Chronic obstructive pulmonary disease
The most common cause has historically been, and unfortunately continues to be, smoking. It takes many years of smoking to develop COPD and as such typically patients are older adults. There are however a number of other less common risk factors/aetiologies, each with their own demographics. They include:
- cigarette smoking
- industrial exposure (e.g. mining)
- cystic fibrosis
- alpha-1 antitrypsin deficiency (AAT1 deficiency)
- intravenous drug use
- immune deficiency syndromes
- vasculitides and connective tissue disorders
Symptoms of COPD include dyspnoea on exertion, wheezing, productive cough, pursed-lip breathing, and use of accessory muscles. Patients with chronic bronchitis are classically "blue bloaters," while those with emphysema are known as "pink puffers". In advanced cases, muscle wasting, asterixis, and peripheral oedema may be seen.
In contrast to asthma, the histologic changes of COPD are irreversible and gradually progress over time. In chronic bronchitis, there is diffuse hyperplasia of mucous glands with associated hypersecretion and bronchial wall inflammation.
Emphysema involves the destruction of alveolar septa and pulmonary capillaries, leading to decreased elastic recoil and resultant air trapping. The morphological subtypes of emphysema include:
- centrilobular (centriacinar): associated with smoking and spreads peripherally from bronchioles
- panacinar: homozygous AAT1 deficiency and uniformly destroys alveoli
- paraseptal (distal acinar): involves the distal airways
Pulmonary function testing (PFT) reveals airflow obstruction, as evidenced by an increased forced expiratory volume in 1 second to forced vital capacity (FEV1/FVC) ratio. Administration of bronchodilators has no effect, unlike the reversible obstruction seen in asthma.
The global initiative for chronic obstructive lung disease (GOLD) staging system is a commonly used severity staging system based on airflow limitation. According to this, there are 4 key stages:
- stage I: mild, FEV1 > 80% of normal
- stage II: moderate, FEV1 = 50-79% of normal
- stage III: severe, FEV1 = 30-49% of normal
- stage IV: very severe, FEV1 <30% of normal or <50% of normal with presence of chronic respiratory failure present
The FEV1:FVC ratio should be <0.70 for all stages.
The GOLD staging system may be insensitive in early stages 12.

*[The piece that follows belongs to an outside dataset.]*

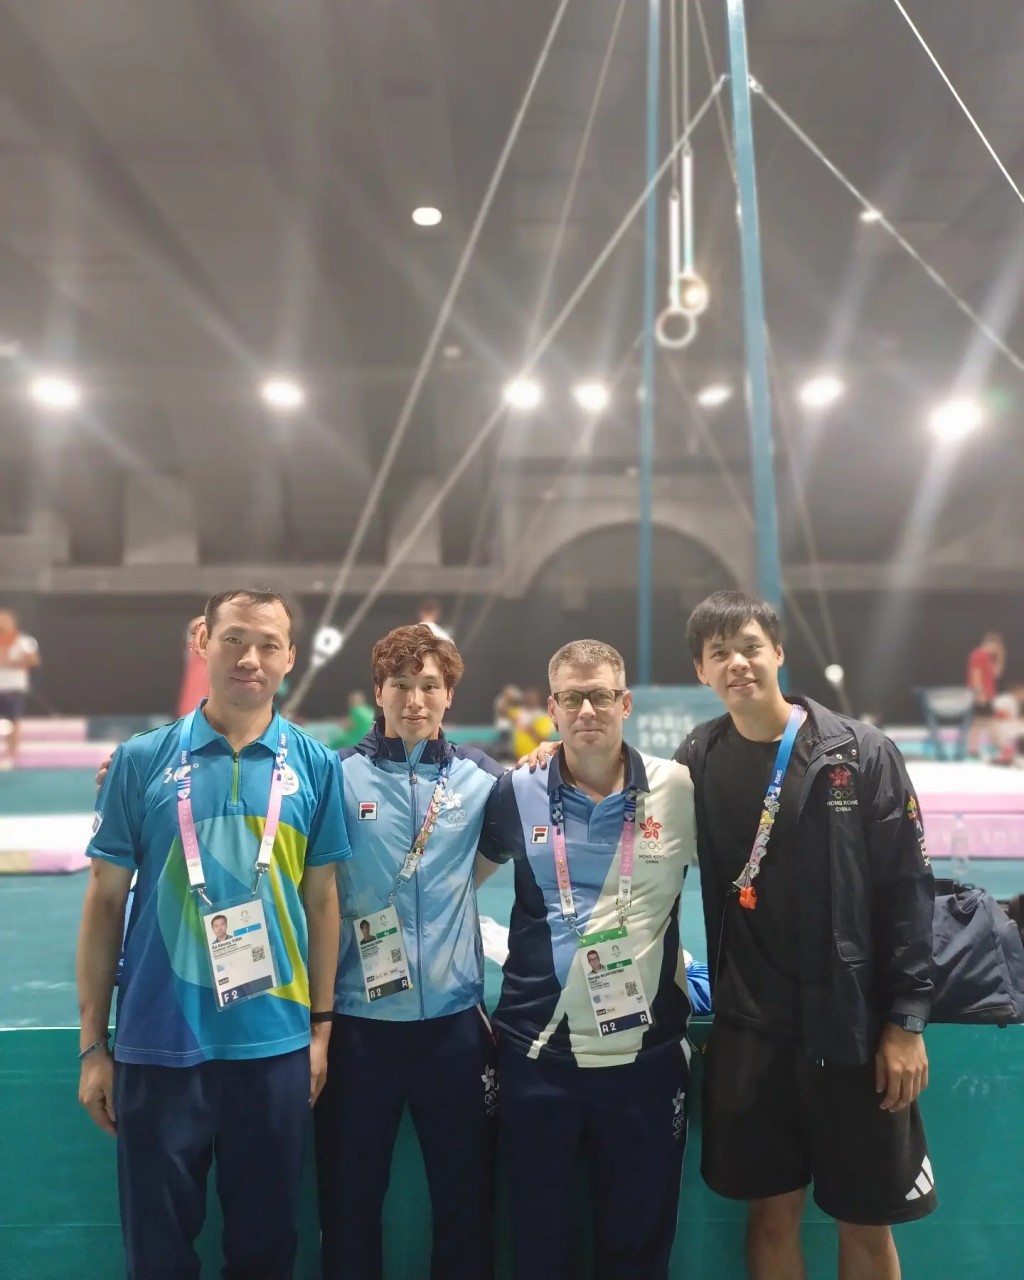 奧運體操裁判袁家強(左起)、石偉雄及塞治教練一起出戰奧運。 網上圖片

Several distinct clinical phenotypes have been described 4,6,8:
- emphysema predominant
- airways predominant
- small airways predominant
- large airways predominant
Findings of chronic bronchitis on chest radiography are nonspecific and include increased bronchovascular markings and cardiomegaly. Emphysema manifests as lung hyperinflation with flattened hemidiaphragms, a small heart, and possible bullous changes. On the lateral radiograph, a "barrel chest" with widened anterior-posterior diameter may be visualized. The "saber-sheath trachea" sign refers to marked coronal narrowing of the intrathoracic trachea (frontal view) with concomitant sagittal widening (lateral view).
Findings of COPD may be seen in a variety of CT studies, e.g. contrast-enhanced CT, CTPA, staging CT chest, HRCT.
In chronic bronchitis, bronchial wall thickening may be seen in addition to enlarged vessels. Repeated inflammation can lead to scarring with bronchovascular irregularity and fibrosis.
Emphysema is diagnosed by alveolar septal destruction and airspace enlargement, which may occur in a variety of distributions. Centrilobular emphysema is predominantly seen in the upper lobes with panlobular emphysema predominating in the lower lobes. Paraseptal emphysema tends to occur near lung fissures and pleura. Formation of giant bullae may lead to compression of mediastinal structures, while rupture of pleural blebs may produce spontaneous pneumothorax/pneumomediastinum.
Treatment and prognosis
There is currently no cure for COPD, but it is highly preventable and treatable. Risk factor reduction via smoking cessation, occupational health, and air pollution reduction should be instituted.
Management of stable COPD involves the use of bronchodilators, corticosteroids, and other medications (methylxanthines, leukotriene receptor antagonists), as well as supplemental oxygen and pulmonary rehabilitation. Acute exacerbations are treated with high-dose steroids, short-acting bronchodilators, and antibiotics if indicated.
Long-acting β2-agonist (LABA) and long-acting muscarinic antagonist (LAMA) combination therapies are currently considered the most effective strategy 15.